Letter from a Prudential Agent:
I'm new enough to be amazed, and seasoned enough not to be, at the similarity and resonance between the Farmers agent program description and my experience as a Prudential agent. I was heavily recruited by Prudential and made a mid-life career change because of a personal relationship I had with someone there, and then there were all those promises attached to smiling, cheering faces. Ahhh, to turn the clock back. Now that I have my licenses, along with knowledge and experience, I've been looking at options. You called it the 'exit strategy' - nicely put :-) I've been looking at Farmers, and weighing it against just going Independent. It's been somewhat challenging to find solid, guiding information about how to do this. I've taken a full-time job to provide income stability while I gradually build an insurance business (this is against the rules and the position hasn't yet started - so will have to leave Prudential soon). Maintaining a source of reliable income is definitely the way to do it rather than going through all your resources building a new business. Umm, 'building your own business' is also a misnomer as you have pointed out. What you're doing is using your resources to support a billion dollar company.
I could write much more (perhaps a website of it), but wanted you to know that I have now spent many hours reading your entire site and would like to be in correspondence. I appreciate that you took the time to make the information available, and that you've also included a range of opinions. There really should be a site that has all the insurance industry agent programs available for comparison.
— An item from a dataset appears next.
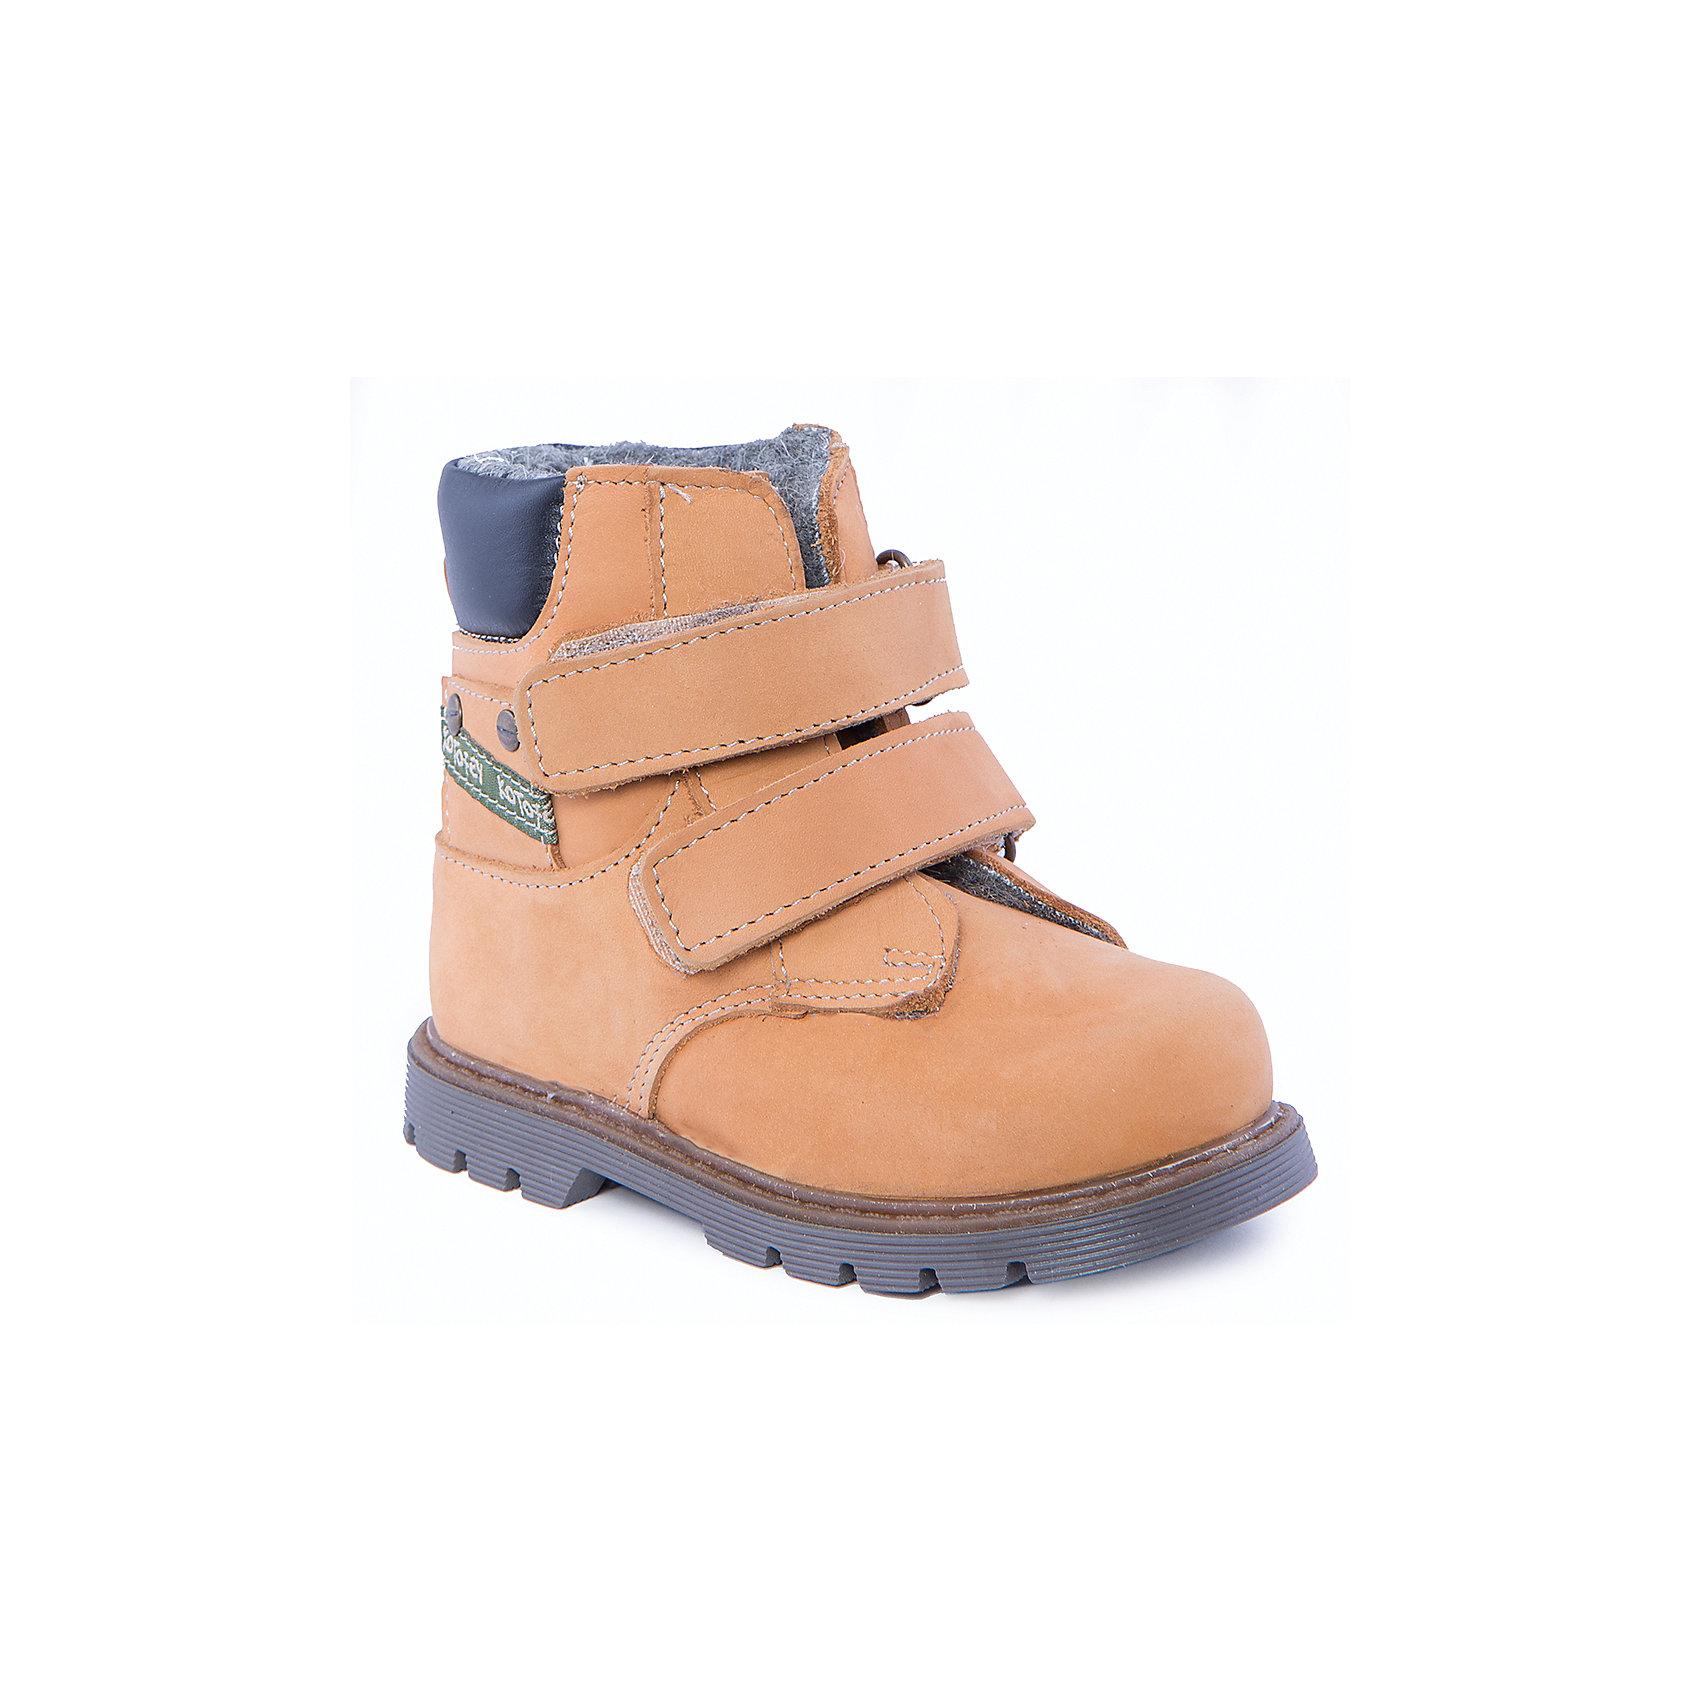 Ботинки для мальчика КотофейБотинки<br>Ботинки для мальчика от известного российского бренда Котофей<br><br>Стильные ботинки помогут защитить детские ножки от сырости и холода. Они легко надеваются, комфортно садятся по ноге.<br><br>Особенности модели: <br><br>- цвет - желтый;<br>- голенище полностью закрывает голеностоп;<br>- верх – натуральный нубук;<br>- комфортная колодка;<br>- подкладка утепленная;<br>- вид крепления – клеевой;<br>- защита пятки;<br>- амортизирующая устойчивая подошва;<br>- застежка - липучка.<br><br>Дополнительная информация:<br><br>Температурный режим: <br><br>от 0° С до -25° С<br><br>Состав:<br>верх – натуральная кожа;<br>подкладка - овчина;<br>подошва - ТЭП.<br><br>Ботинки для мальчика Котофей можно купить в нашем магазине.<br><br>Ширина мм: 262<br>Глубина мм: 176<br>Высота мм: 97<br>Вес г: 427<br>Цвет: желтый<br>Возраст от месяцев: 18<br>Возраст до месяцев: 21<br>Пол: Мужской<br>Возраст: Детский<br>Размер: 23,26,25,24<br>SKU: 4315308

You seem to speak highly of State Farm, but I've talked with them as well. They want me to come on-board with them too. I imagine that will be true of most though and don't take that necessarily as a compliment to me. I chose (not executed yet) Farmers over State Farm because of the hybrid nature of Farmers and IA, but what you're telling me is that reality is different from the recruiting information. State Farm may give me a book, etc.. but the information I have is that significant capital is required, and they can provide start-up costs, but the 'subsidy' is repaid over time from commissions. State Farm provides the book, and some advance funding because they do require the storefront, staff, etc... This path is not an undertaking to be considered lightly, it's a full-on commitment, and at this point having my experience with Prudential, I'm not jumping into any insurance agent program that requires a captive, quota based commitment on my dime. I'm very entrepreneurial, and I realize that any business has start up costs and profits come from sales. At the same time, if it's my business then I won't have my hands tied behind my back while trying to make a profit (captive agent), and the fruits of my efforts will belong to me. I won't have people who don't pay me dictating to me, or consuming vast quantities of my time.
When my ability to feed myself is based on selling something, then my time is my own and best spent with clients and prospective clients. Of course, I'm referring to mandatory meetings that never stop. Constant check-ins (Prudential calls them PEP sessions) so you can write down, tell about, list, or otherwise communicate the number of phone calls and appointments you're making. Alright, I said I was going to stop writing. I know this site is about and for prospective Farmers agents, so 'job well done' to you, but is there a way to share other insurance company information too? Is this a good place to ask questions about IA? Thank you in advance.